Wednesday, March 10, 2004

Election: Kucinich: the Most Unreported Story of 2004

WASHINGTON – The most underreported story of the 2004 election is the never-give-up, never-give-in campaign of Rep. Dennis Kucinich (D-Ohio) for president. With considerable grassroots support, the Ohio lawmaker has carried his message of world peace, jobs, equality and universal health care across the country. He has done it in the face of a near-total corporate media blackout

Kucinich, campaigning in California, launched the “Other America Tour” from the impoverished Sunnydale public housing complex in San Francisco. “I’m from the other America,” he said, noting that he grew up poor and sometimes homeless in Cleveland, Ohio.

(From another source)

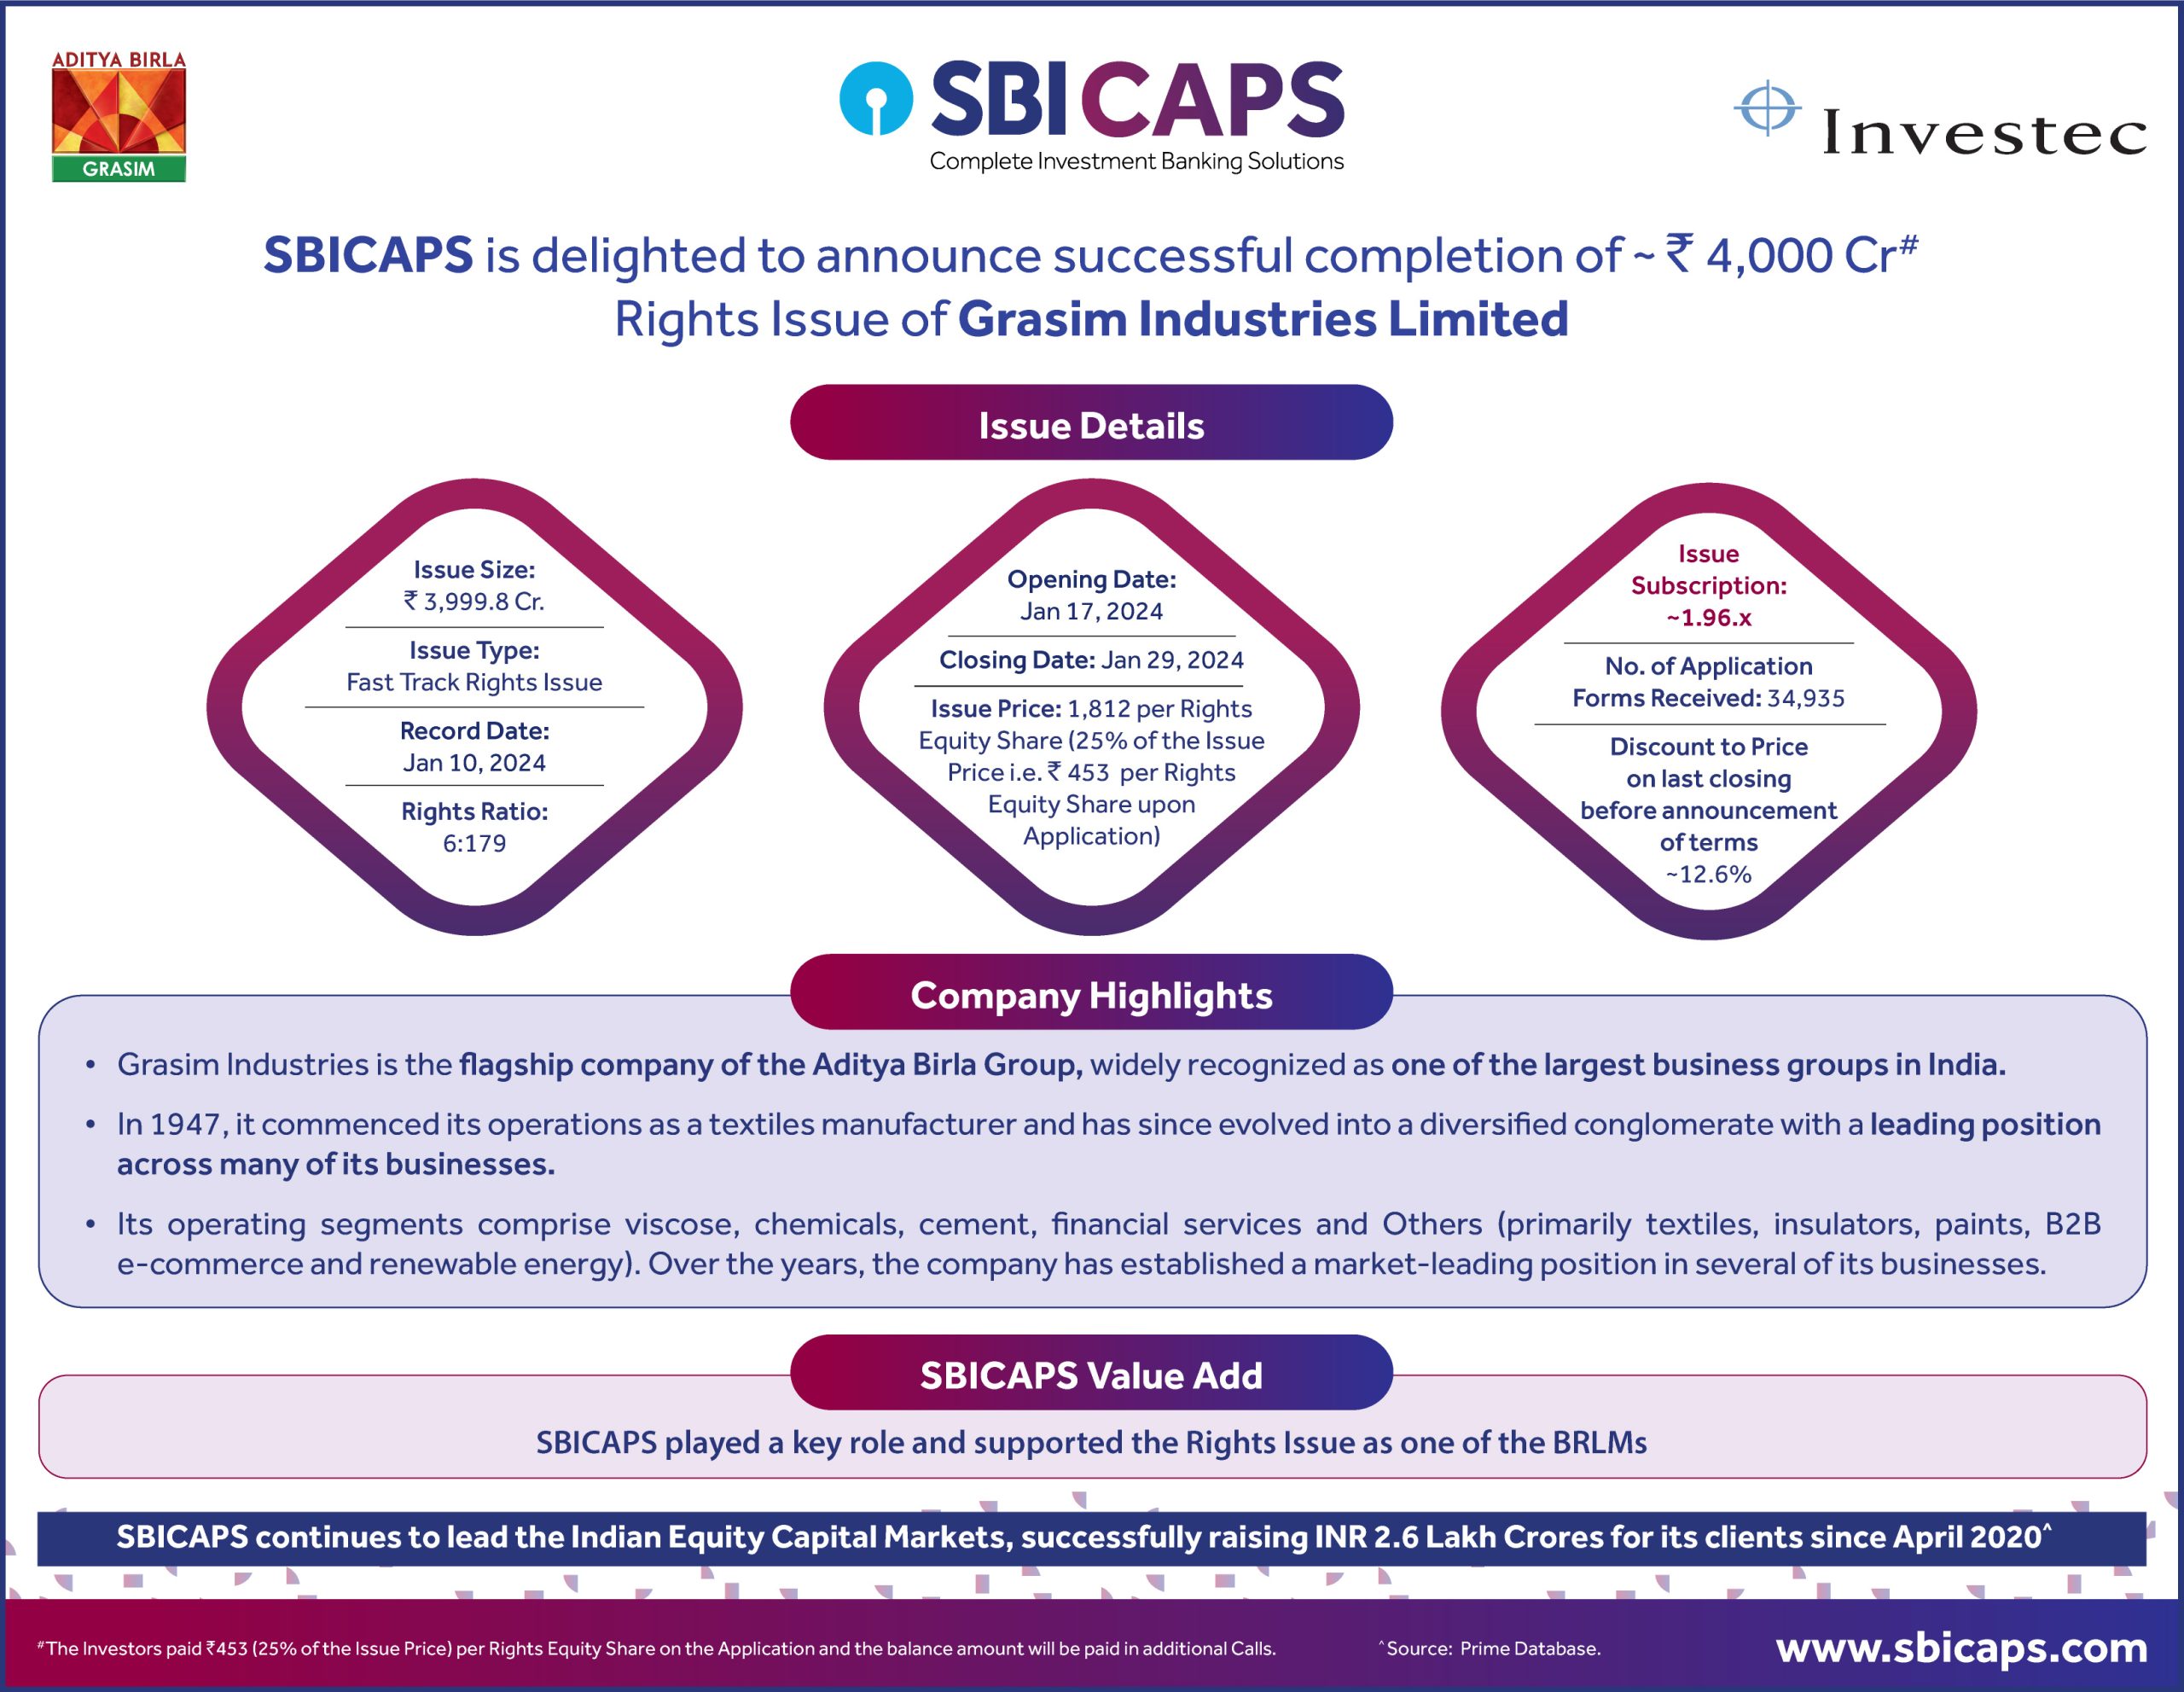 SBICAPS is delighted to announce successful completion of ₹4000 Cr Rights Issue of Grasim Industries Limited

An impressive 15 percent of Maine voters and 8 percent of Washington state voters came out for Kucinich in the Feb. 10 “mini-Super Tuesday” primaries. He also placed second in Hawaii’s Feb. 24 primary.

Sharon Gradischnig, head of the Kucinich campaign in southwest Iowa, is a native Iowan. She told this reporter she was drawn to Kucinich in part because his election could change her own life.

“I pay $637 a month for health insurance so even when I qualify for Medicare, I will need to keep working to provide myself with supplementary health coverage and prescription drugs,” she told the World. “One of Dennis’ billboards up the street says it all: ‘Health care not warfare.’ He is the only candidate advocating universal single-payer health care.”

She said, “This is the voters’ opportunity to tell the nation and the world exactly what kind of nation and world we want. We are a banner for change, for a world that is safe for people here at home and around the world.”